SPRINGFIELD, Mo. — Citizens in America are noticing that simple groceries such as milk and eggs are more expensive than they were last year. The rising prices have lifted inflation to its highest level in 40 years.
The United States isn’t the only country dealing with inflation either. The United Kingdom’s consumer price inflation has surged to the highest level in three decades, bringing on the pressure in households already facing a huge increase in energy costs.
Global supply chain backlogs and booming demand from shoppers have pushed up prices on consumer goods. It wasn’t supposed to be this way. Barely more than a year ago, the Federal Reserve had forecast that consumer prices would end 2021 only about 1.8% higher than they were a year earlier, below even its annual 2% inflation target. But high inflation reasserted itself last year with astonishing speed.
In February 2021, the Labor Department’s consumer price Index was running just 1.7% ahead of a year earlier. From there, the year-over-year price increases accelerated steadily. Now, many economists expect consumer inflation to remain elevated.
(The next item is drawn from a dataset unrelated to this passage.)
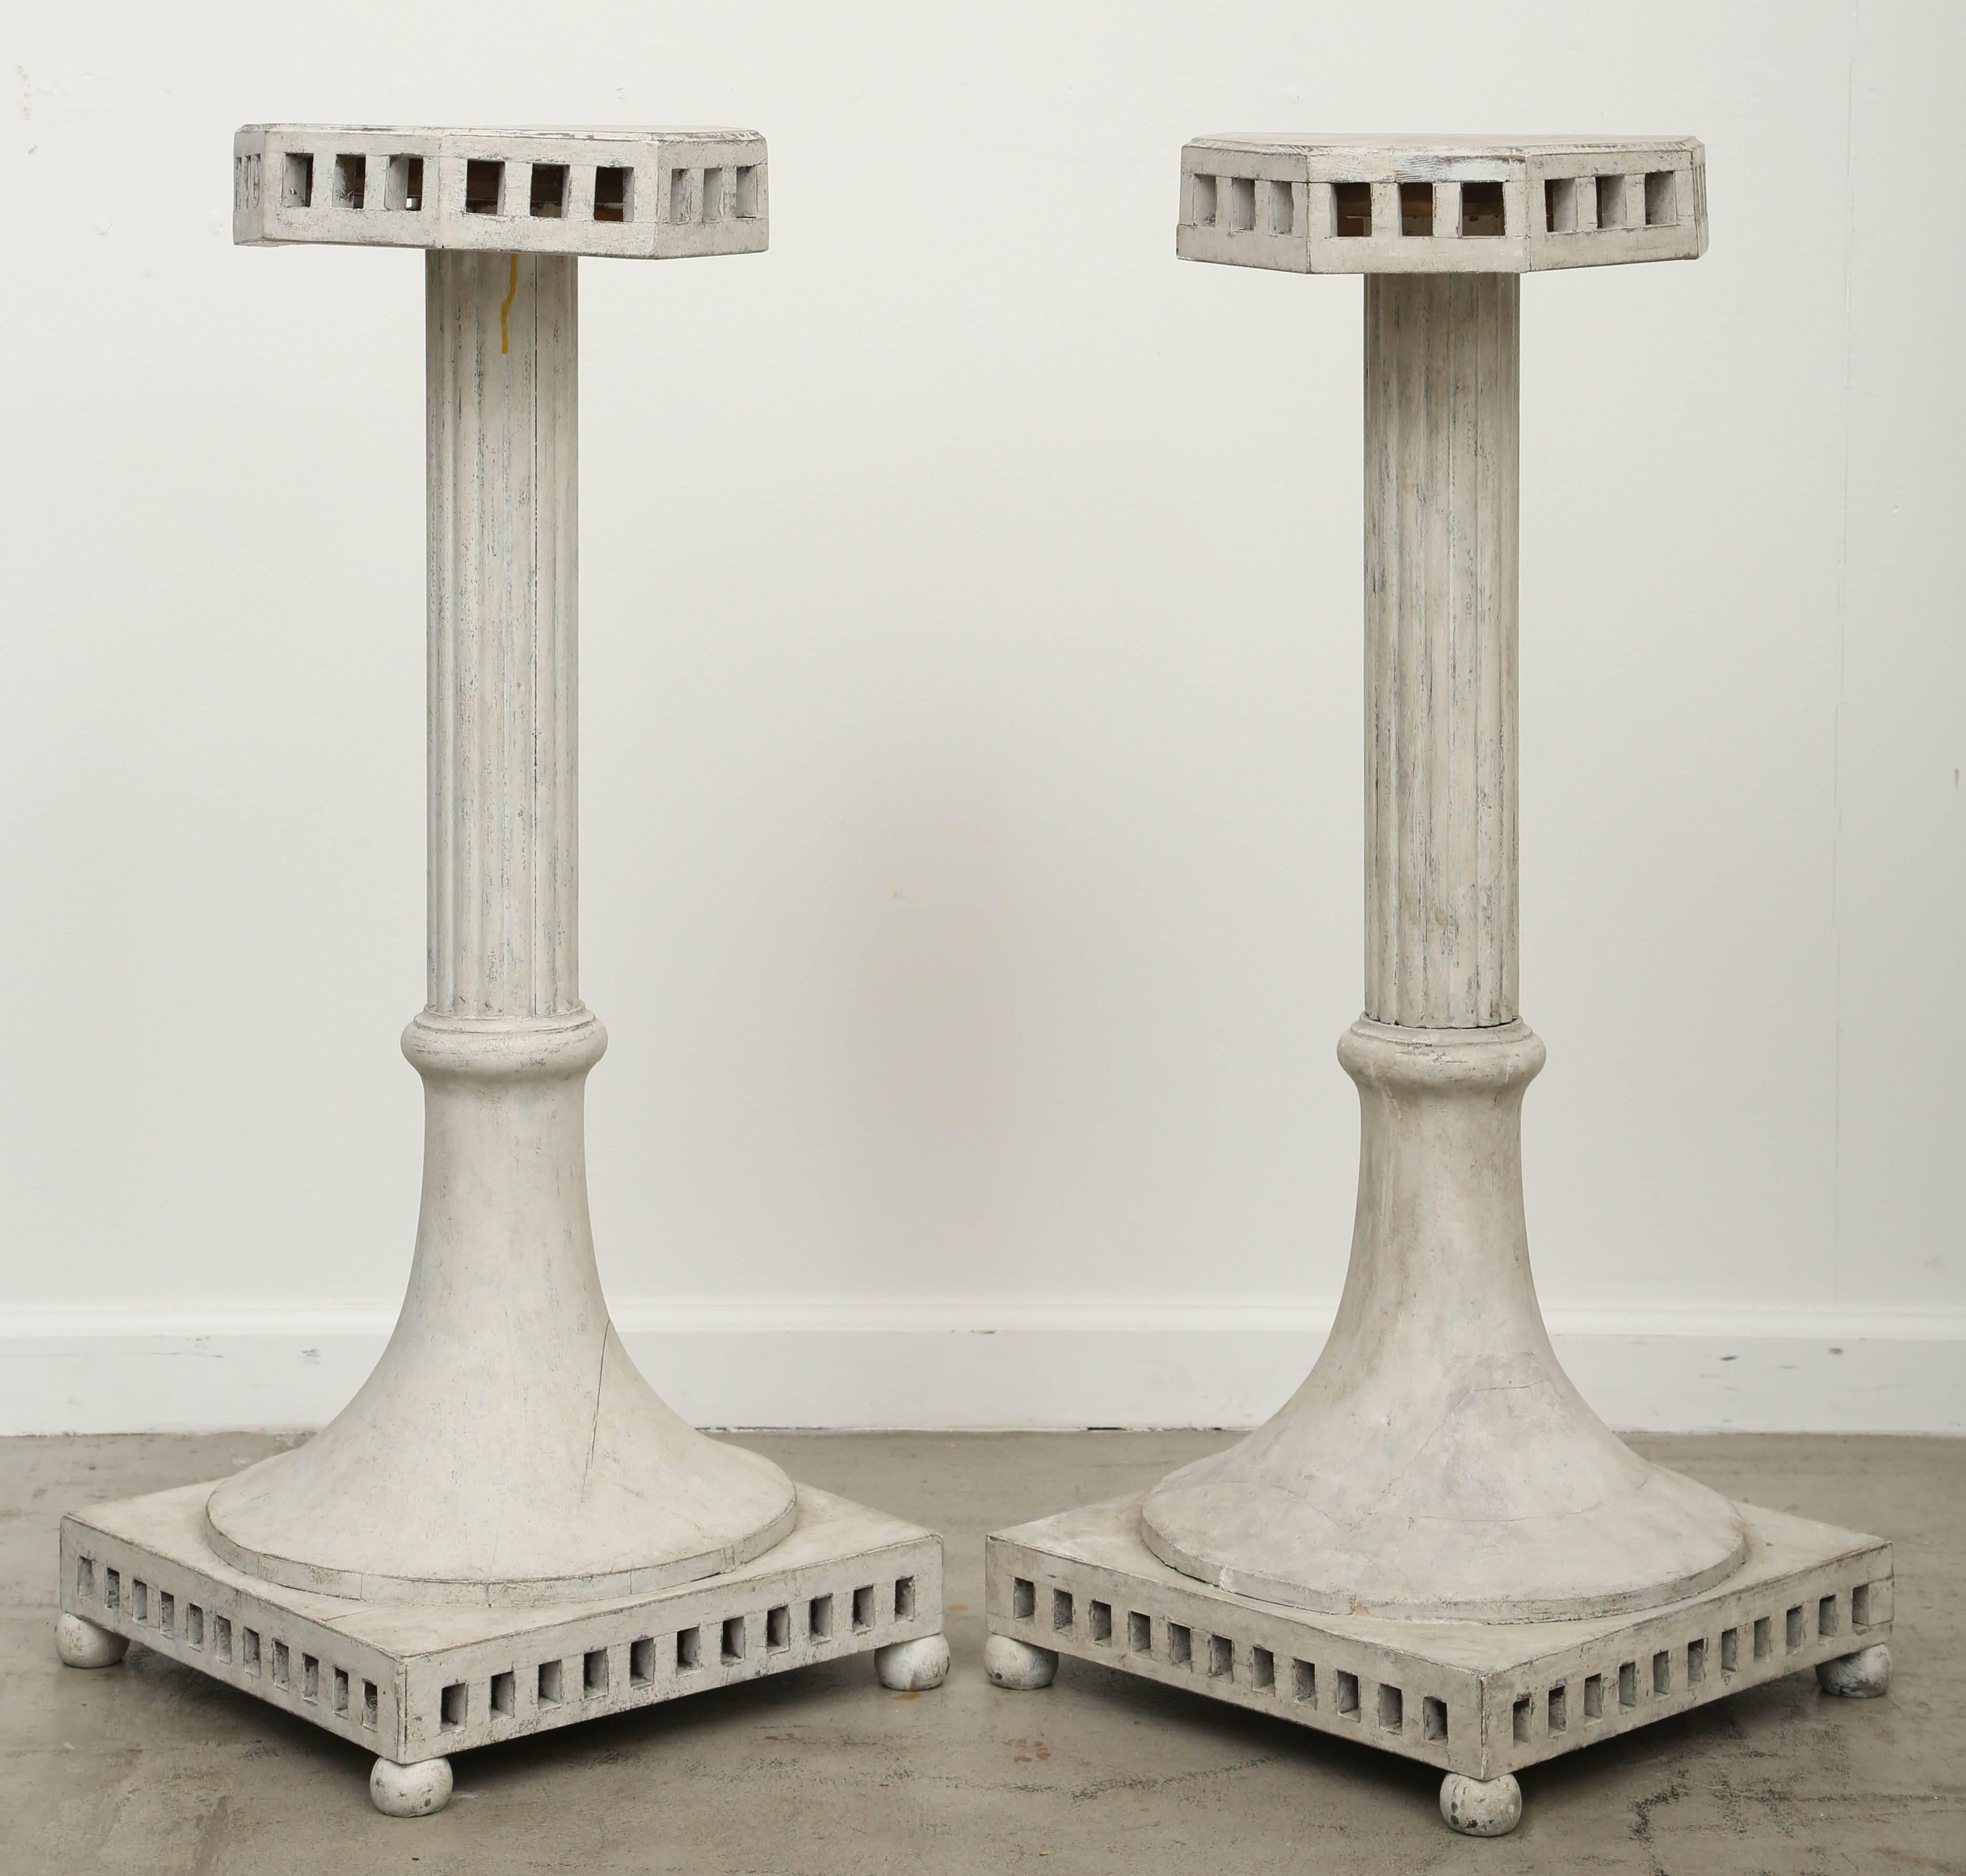 Pair of antique Swedish Gustavian style painted pedestals, mid-19th century.
Tops are octagonal shape with a cut-out apron, mounted on a fluted pedestal and flared out lower portion onto a square base with a cut-out lower border, on four small bun

“[Inflation] could be around for a while,” said David Mitchell, an economics professor at Missouri State University. “The problem is of course once inflation gets grounded into the system it’s really hard to get it out because people have now built it into their expectations that their wages are going to have to go up 5% or 8%.”
What is causing inflation?
As high inflation first became an issue in the Spring of 2021, the Fed laid out a few reasons to explain what was going on, which included base effects, supply-chain issues, and a tricky labor market.
Base effects are perhaps the most intuitive reason for high price growth. That is, prices dropped considerably throughout 2020 as state governments imposed lockdowns in an attempt to slow the spread of COVID-19.
Once the pandemic began the demand for travel plummeted which led to a drop in prices. Now, with more people vaccinated more people are wanting to travel again. Now, airline prices are much higher than a year ago but they remain cheaper than where they were pre-pandemic.
According to reports, supply chain issues is another factor that is causing inflation, but Mitchell says supply chain issues have been happening since the beginning of 2020.
“We have been having supply chain issues since January, February, and March of 2020,” said Mitchell. “So, it’s not just a supply chain issue. It’s more than that. You had an unprecedented amount of government spending within the last two years. You had them sending people lots of checks, so that has a big part of it as well.”
Labor issues are another concern. Millions of Americans lost their jobs during the COVID-19 Recession, which resulted in fewer items being produced. Meanwhile, businesses have had a difficult time last year hiring enough workers.
What kind of impact will this have on small businesses?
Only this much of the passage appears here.